Complete step-by-step answer:
Let the Given Integral function is $g\left( t \right)$:
${\text{ }}g\left( t \right) = \int_{ - \pi }^t {\left( {f\left( x \right) + x} \right)dx} = {\pi ^2} - {t^2}$
Analyse using Leibniz Integral rule:
Leibniz Integral rule for function:
$h\left( x \right) = \int_{f\left( x \right)}^{g\left( x \right)} {m\left( t \right)} dt$
On comparing with given integral ${\text{ }}g\left( t \right) = \int_{ - \pi }^t {\left( {f\left( x \right) + x} \right)dx}$
The identity is a function $h\left( x \right)$ , given function is $g\left( t \right)$,
In identity Function $m\left( t \right)$, here it is $\left( {f\left( x \right) + x} \right)$, is the function of ‘x’, hence integrated with respect to dx.

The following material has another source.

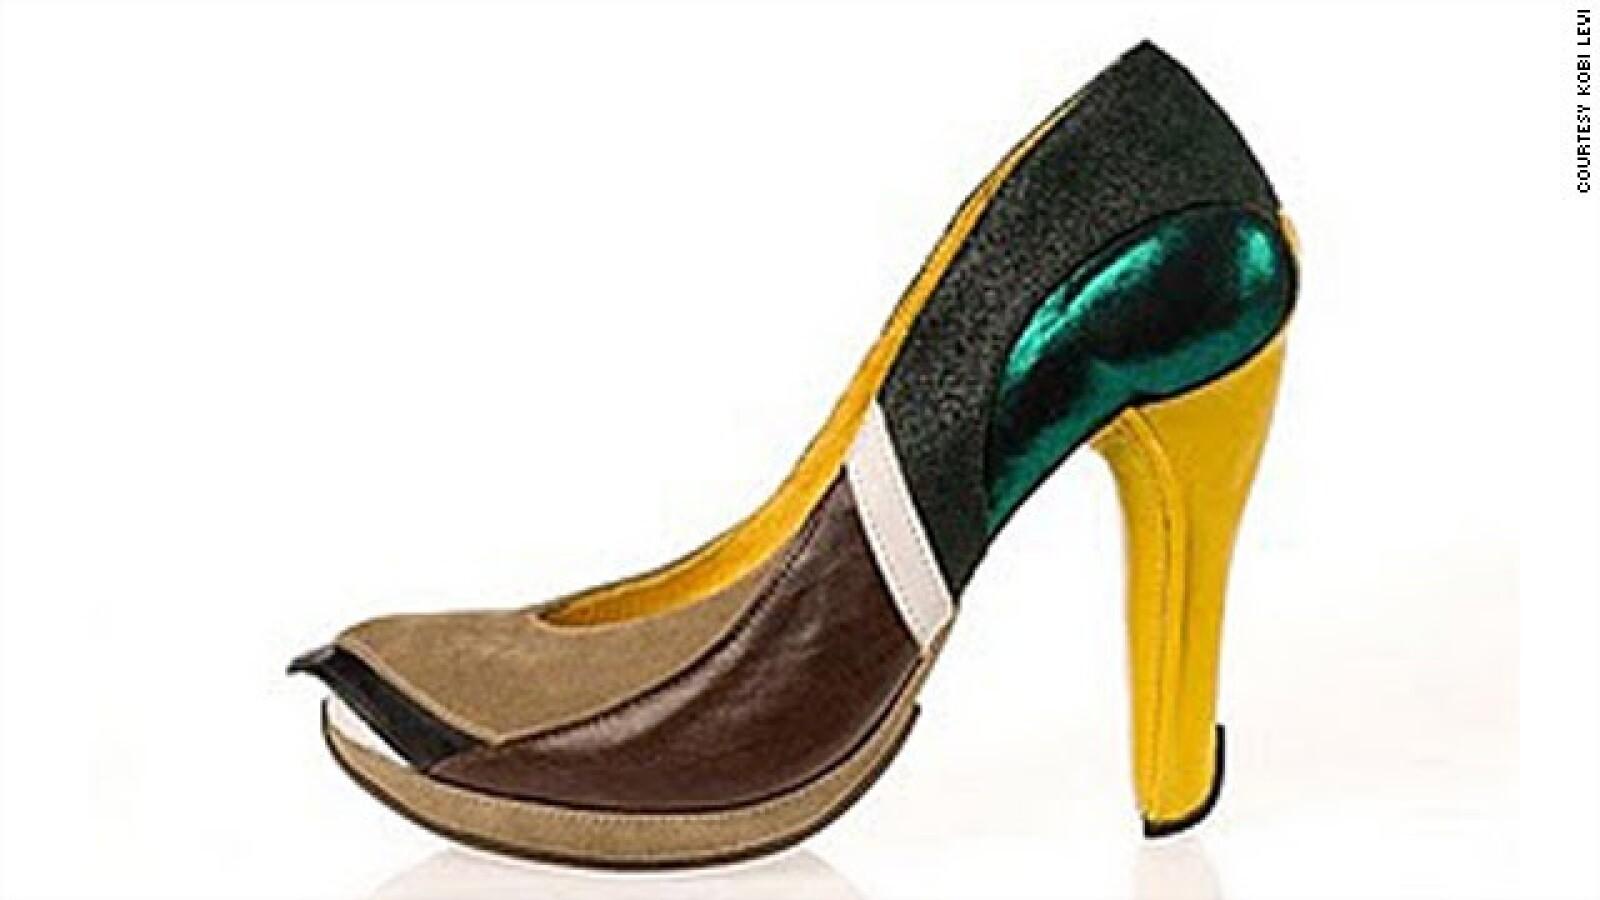 ZapatosArteDoce

And limits of the given integral is the function of ‘t’, thus the given integral is also a function of ‘t’, i.e. $g\left( t \right)$
In identity upper and lower limits, $g\left( x \right)$ and $f\left( x \right)$ here are t and $- \pi$
We have $\dfrac{{d\left( {h\left( x \right)} \right)}}{{dx}} = m\left[ {g\left( x \right)} \right] \cdot g'\left( x \right) - m\left[ {f\left( x \right)} \right] \cdot f'\left( x \right)$
Applying Leibniz integral rule
Since, in given integral function, both L.H.S. and R.H.S. are a function of ‘t’, differentiating both sides with respect to ‘t’

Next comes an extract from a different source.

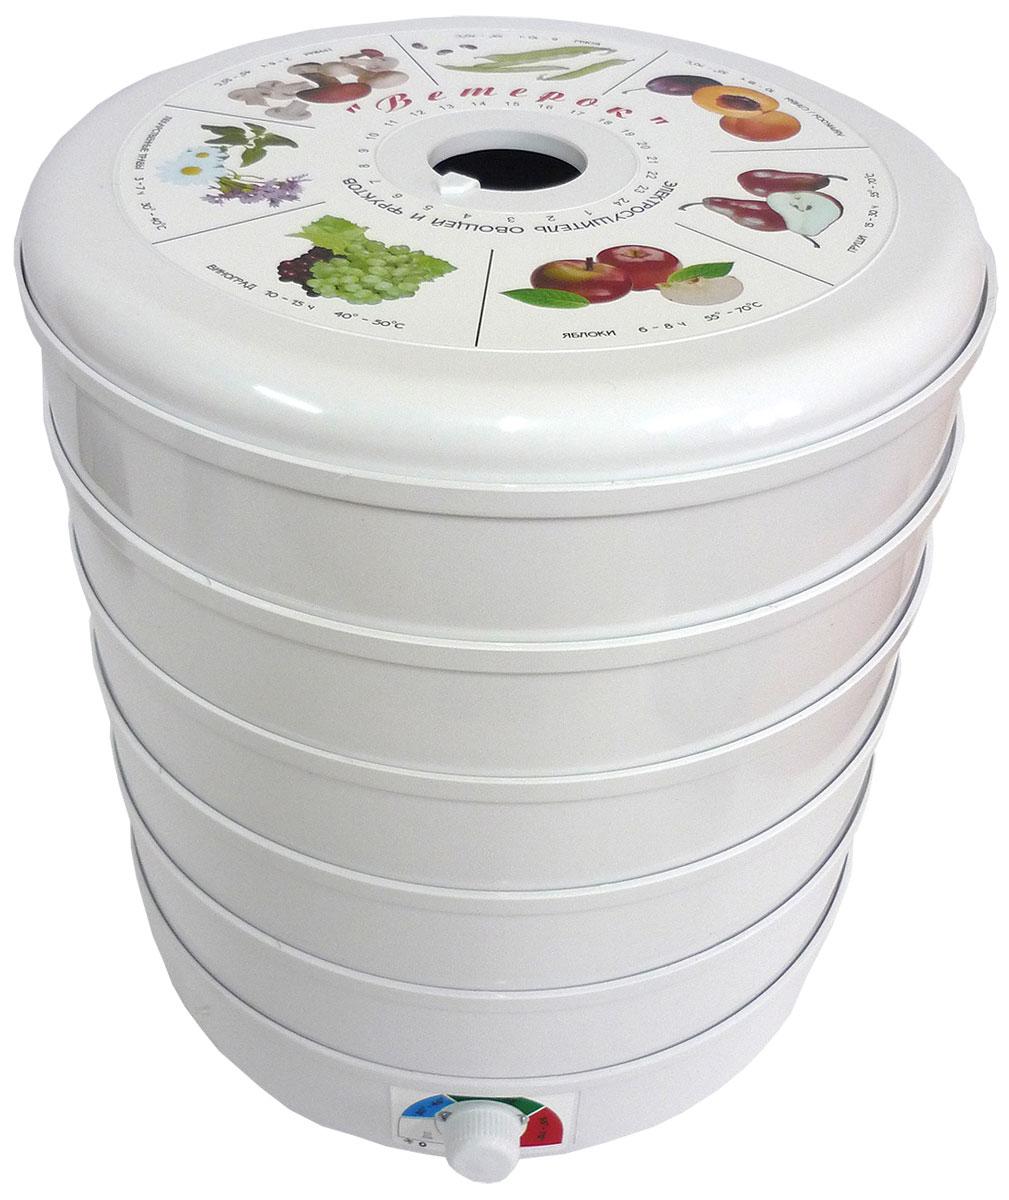 Ветерок ЭСОФ-0.5/220, White сушилка для овощей и фруктов

Thus, the given integral becomes after using Leibniz Integral rule:
$g'\left( t \right) = \left( {f\left( t \right) + t} \right) \cdot 1 - \left( {f\left( \pi \right) - \pi } \right) \cdot 0 = - 2t$
$\Rightarrow f\left( t \right) + t = - 2t \\\ \Rightarrow f\left( t \right) = - 2t - t \\\ \Rightarrow f\left( t \right) = - 3t \\\$
Calculate the required $f\left( {\dfrac{-\pi }{3}} \right)$
For $t = \dfrac{-\pi }{3}$
$f\left( {\dfrac{-\pi }{3}} \right) = - 3 \times \dfrac{-\pi }{3} \\\ = \pi \\\$
$f\left( {\dfrac{-\pi }{3}} \right)$ comes out to be $\pi$.

So, the correct answer is “Option A”.

Note: For a, b, c…. are constant, and x, t, u,… are variable, then the integral $\int_a^b {g\left( x \right)dx}$ is equal to constant.
Leibniz Integral rule is also known as differentiation under the integral sign.